En Haïti, l’enfance vit au rythme des violences armées. Plus de 680 000 enfants ont été contraints d’abandonner leur foyer, selon un rapport publié mercredi par l’Unicef. Ce chiffre, presque deux fois supérieur à celui de l’an dernier, témoigne d’une crise humanitaire hors de contrôle, dans un pays où les gangs étendent chaque jour un peu plus leur emprise.

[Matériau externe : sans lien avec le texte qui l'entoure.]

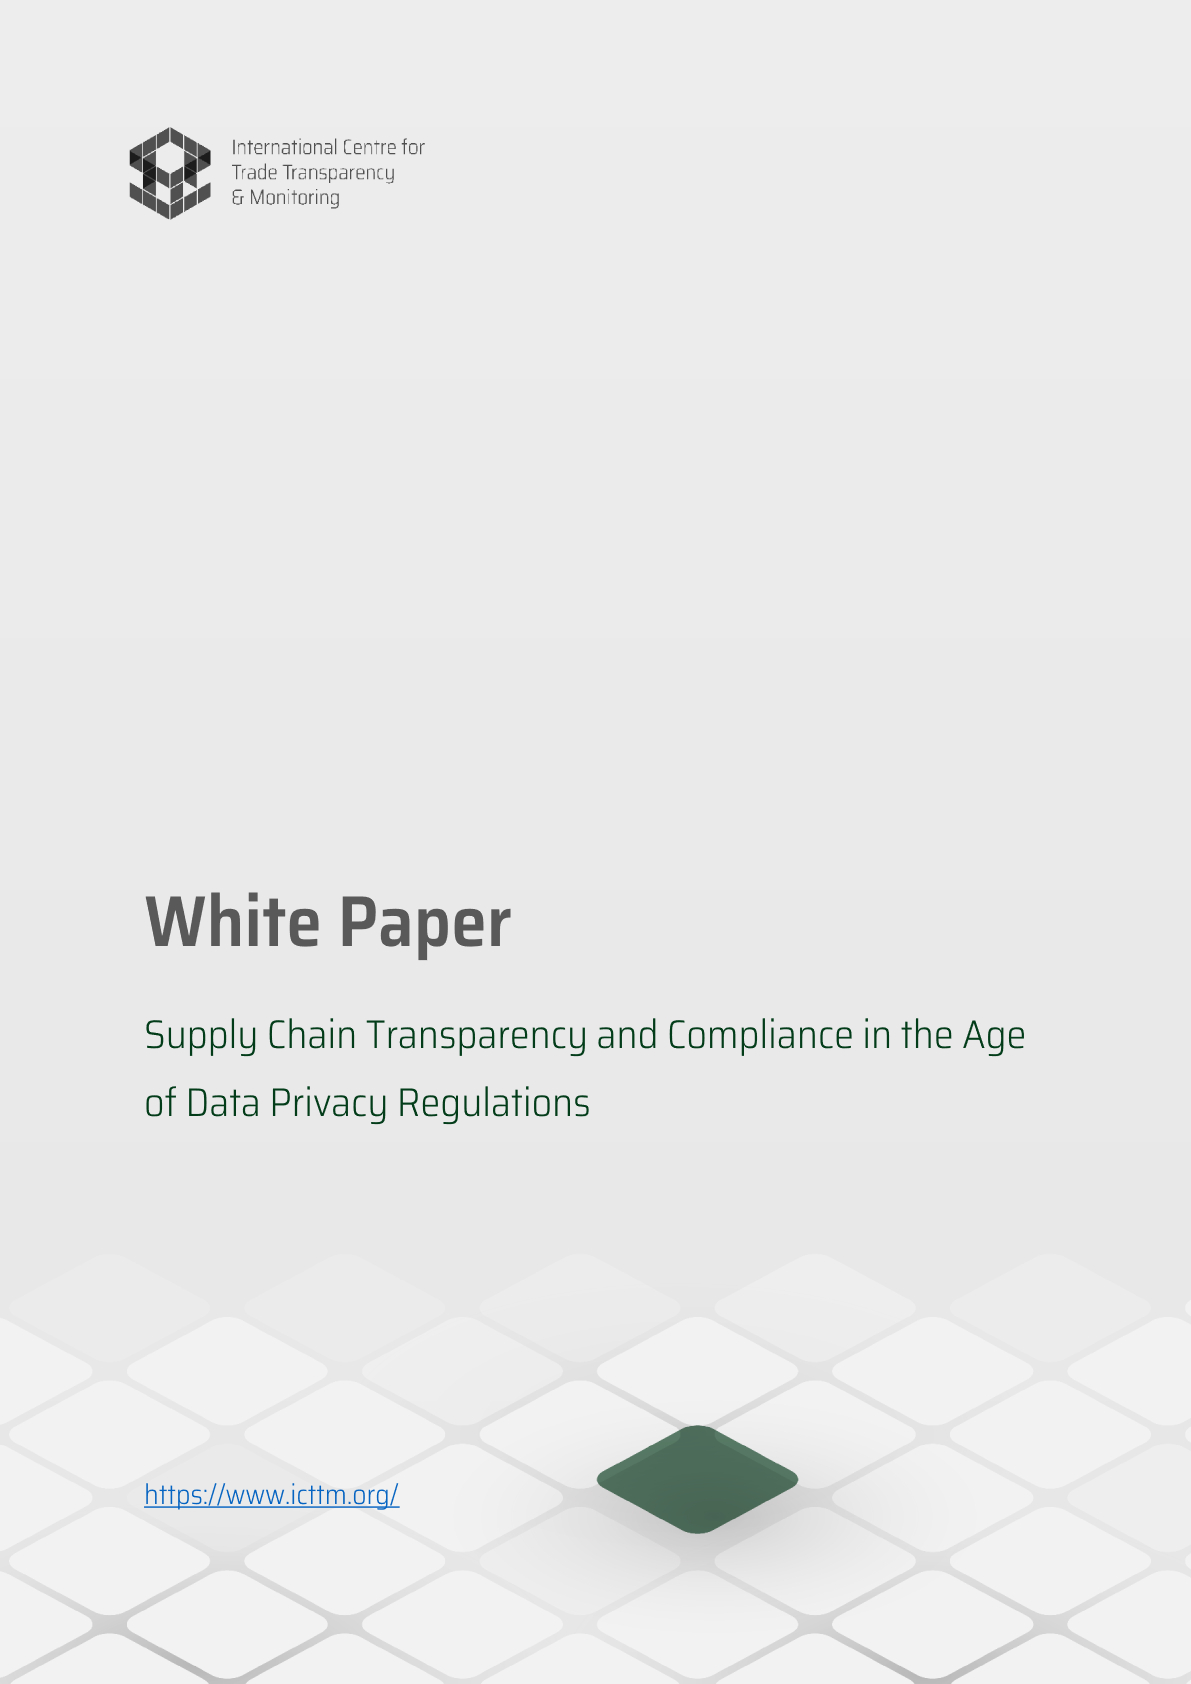 Supply Chain Transparency and Compliance in the Age of Data Privacy Regulations

Les enfants constituent plus de la moitié des 1,3 million de déplacés internes recensés à travers le pays. Arrachés à leurs quartiers, ils survivent dans des abris précaires, des écoles transformées en refuges ou des bâtiments délabrés, souvent privés d’eau potable et de structures sanitaires. Ces conditions favorisent la résurgence de maladies infectieuses comme le choléra, déjà signalé dans plusieurs sites d’accueil surpeuplés.
Dans les zones les plus touchées, l’accès à l’éducation, à la santé et à la protection s’est effondré. « Pour les enfants en Haïti, cette accumulation de crises est synonyme de lutte quotidienne pour la survie, d’écoles fermées, d’hôpitaux débordés et d’enfances écourtées par la violence, la négligence, l’exploitation et la faim », souligne l’Unicef. Chaque jour, des milliers d’enfants affrontent la peur, la faim et l’incertitude comme unique horizon.
L’agence onusienne insiste : les enfants ne sont plus de simples témoins du chaos, mais en deviennent les premières victimes. Dans plusieurs zones de Port-au-Prince et de l’Artibonite, des mineurs sont exposés à des violences sexuelles, au trafic, au travail forcé ou à l’enrôlement dans des groupes armés. Certains, encore à l’âge de l’école primaire, servent de messagers, de guetteurs ou de porteurs d’armes — un cycle de brutalité qui brise toute perspective d’avenir.
Le rapport met également en lumière la déscolarisation massive qui mine la jeunesse haïtienne. Un enfant sur quatre n’a plus accès à l’éducation, conséquence directe de la fermeture de milliers d’écoles en raison de l’insécurité. Cette rupture du lien éducatif, selon l’Unicef, accroît le risque de marginalisation et ouvre la voie à une génération entière piégée entre la peur et la pauvreté.
Face à cette détresse, Roberto Benes, directeur régional de l’Unicef pour l’Amérique latine et les Caraïbes, appelle à une action immédiate. « Haïti est au point de rupture. Il est clair que cette génération ne peut pas continuer à attendre de l’aide », avertit-il. L’agence exhorte la communauté internationale à agir sans délai, avant qu’une crise déjà dramatique ne scelle définitivement le destin d’une jeunesse condamnée à grandir dans le déracinement.